As previously mentioned, the GJC2 gene is associated with a neurological disorder called spastic paraplegia type 44. A variant in the gene can also cause a type of hereditary Lymedema, which is a condition where the limbs swelling abnormally. GJC2 can also be associated with the autoimmune illness rheumatoid. This causes the immune systems to respond to different stimuli.
Several studies have also shown that high-affinity primary antibodies containing the GJC2 marker can decrease cross-reactivity between two different antigens. High-affinity primaries antibodies can cause difficulties in the separation of the antigen and antibody. Cross-reactive antibodies can be removed from an affinity columns using harsh, denaturing techniques. This marker can be used to elute antibodies and detect rheumatoid gene expression in various tissues.
The oligodendrocyte lineage cell marker SOX10 was comparable to actin, with mutant-type transfected cells displaying increased levels of the latter. In oligodendrocytes, the GJC2 marker also compared with myelin basic protein. The GJC2 marker can also be used to measure oligodendroglia like cells.
Spastic paraplegia 44, a neurodegenerative disease, is associated with the GJC2 genetic. Hereditary lymphedema is a condition that causes abnormal swelling in the limbs. These diseases can be diagnosed using the GJC2 marker, a genetic test. Ferrell et al. Ferrell et.al. This mutation is within a conserved motif known as the SRPTEK, which is involved in connexon docking. The affected individuals had uncomplicated lymphedema, and upper limb involvement occurred later. The authors hypothesized that the gene is a regulator of lymphatic channel activity and
The GJC2 gene is expressed in the peripheral nervous system, including the spinal cord. It is expressed at lower amounts than GJA2 in brain. It can also be amplified in healthy individuals' sciatic nerve. GJC2 has a greater role in oligodendrocyte and sperm homeostasis than GJB1.

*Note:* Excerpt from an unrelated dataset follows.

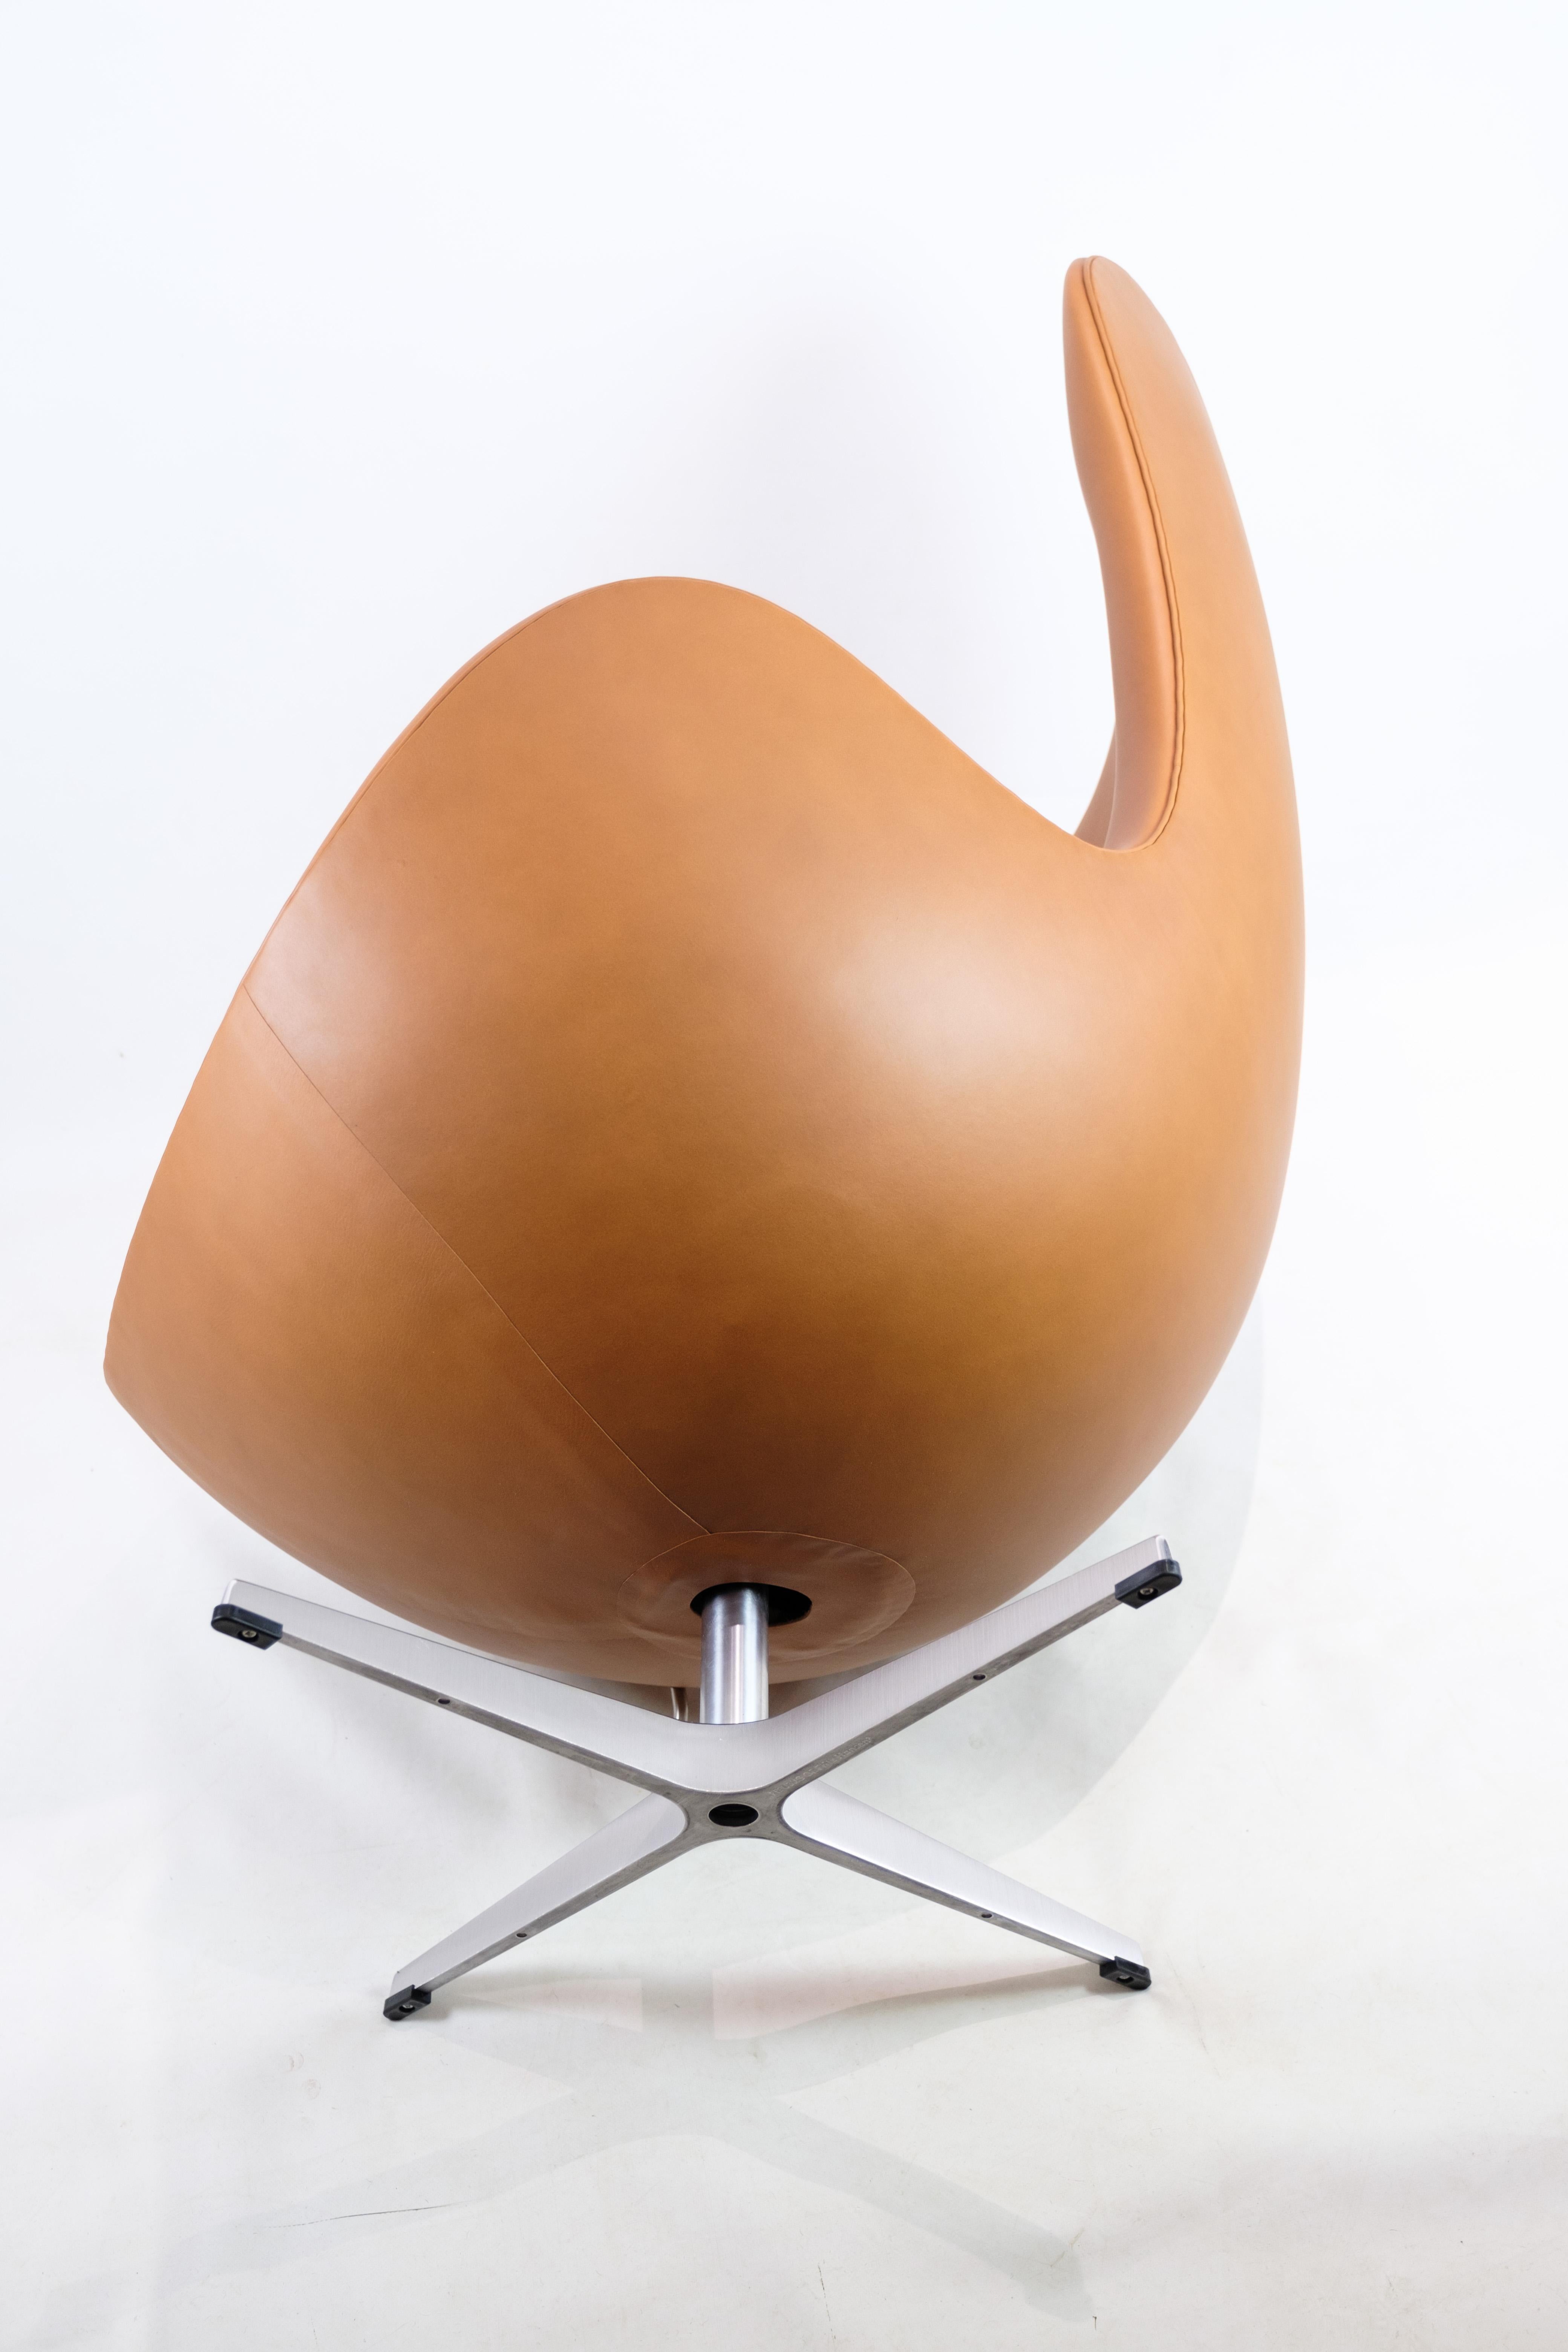 Egg, Model 3316, Arne Jacobsen, Fritz Hansen For Sale 6

A rare genetic variant known as PMLD (Pelizaeus-Merzbacher disease) causes an abnormality in the GJC2 gene. The disorder causes muscle stiffness and spasticity, impaired motor development, and progressive spasticity. GJC2 mutation causes decreased activity in the Ggliadenomyelin Protein, which inhibits the formation of gap junctions.
PMID: 15192806 by Uhlenberg B., et al. Mutations in the gene encoding gap junction protein alpha 12 (connexin 46.6) cause Pelizaeus-Merzbacher-like disease.
PMID: 19056803 by Orthmann-Murphy J.L., et al. Hereditary spastic paraplegia is a novel phenotype for GJA12/GJC2 mutations.